When SpaceX successfully launched its first Falcon Heavy booster Tuesday (Feb. 6) from the same Florida pad used by NASA's Apollo missions, the company claimed the title for the most powerful rocket. And for some companies, that might be a year-defining feat.But SpaceX and its CEO, Elon Musk, have a lot more coming this year, including launching astronauts on its crewed Dragon spacecraft and preparing its Big Falcon Rocket (BFR) for potential tests in 2019.

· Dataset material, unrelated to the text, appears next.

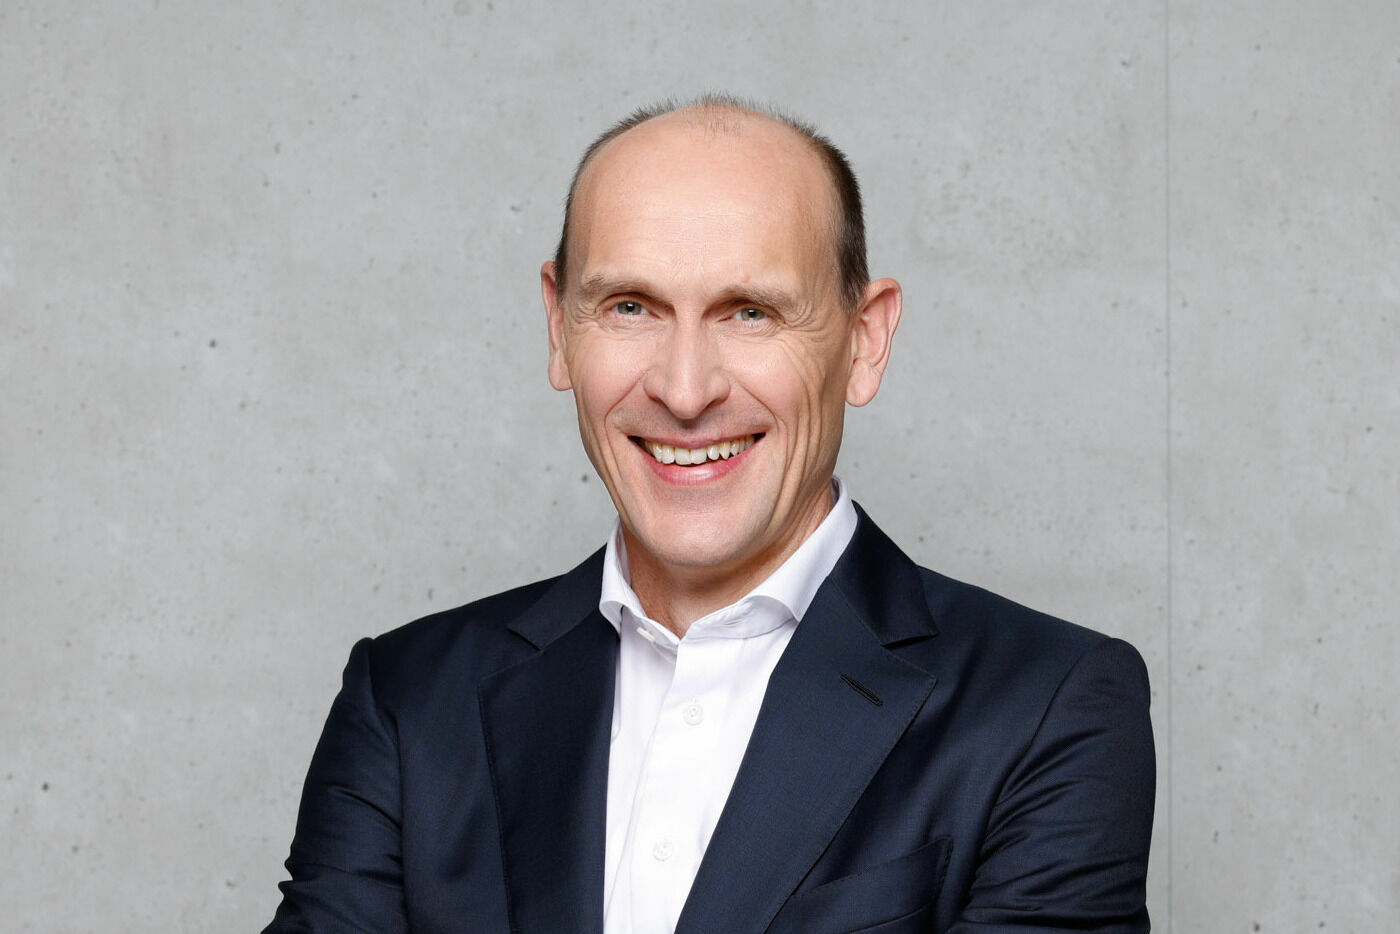 Ralf Brandstätter, Member of the board of Volkswagen AG for China

SpaceX's Falcon Heavy can launch up to 141,000 lbs. (64 metric tons) of payload into orbit, and sent Musk's Tesla Roadster on a deep-space ride toward the asteroid belt when the rocket blasted off from Pad 39A at NASA's Kennedy Space Center in Cape Canaveral, Florida, Tuesday. That lift capacity allows SpaceX to launch heavier satellites into low Earth orbit, or reach higher geostationary orbits used by some satellites to keep station over the same part of Earth.

SpaceX advertises Falcon Heavy flights for $90 million a launch. The Delta IV Heavy, meanwhile, can launch 32 tons (29 metric tons) into orbit and costs between $300 million and $500 million per flight, according to Tommy Sanford, executive director of the Commercial Spaceflight Federation, told Space.com before the launch. That's a potentially huge cost savings.

So that's a big year for SpaceX, with potentially more big years to come. And it's all happening as the company continues its traditional Falcon 9 rocket launches for midsize satellite missions and NASA cargo deliveries to the International Space Station.

The Falcon Heavy debut was SpaceX's third launch of 2018, following two Falcon 9 missions in January that launched the mysterious Zuma payload for the U.S. government and the GovSat-1 communications satellite.

The next mission to fly will be a Falcon 9, launched from Vandenberg Air Force Base, carrying the Paz satellite for the Spanish company Hisdesat. That mission is targeted for Feb. 17, according to Spaceflight Now, and could be followed on Feb. 22 with the launch of another Falcon 9 from Cape Canaveral Air Force Station carrying the Hispasat 1F communications satellite for Spain's Hispasat.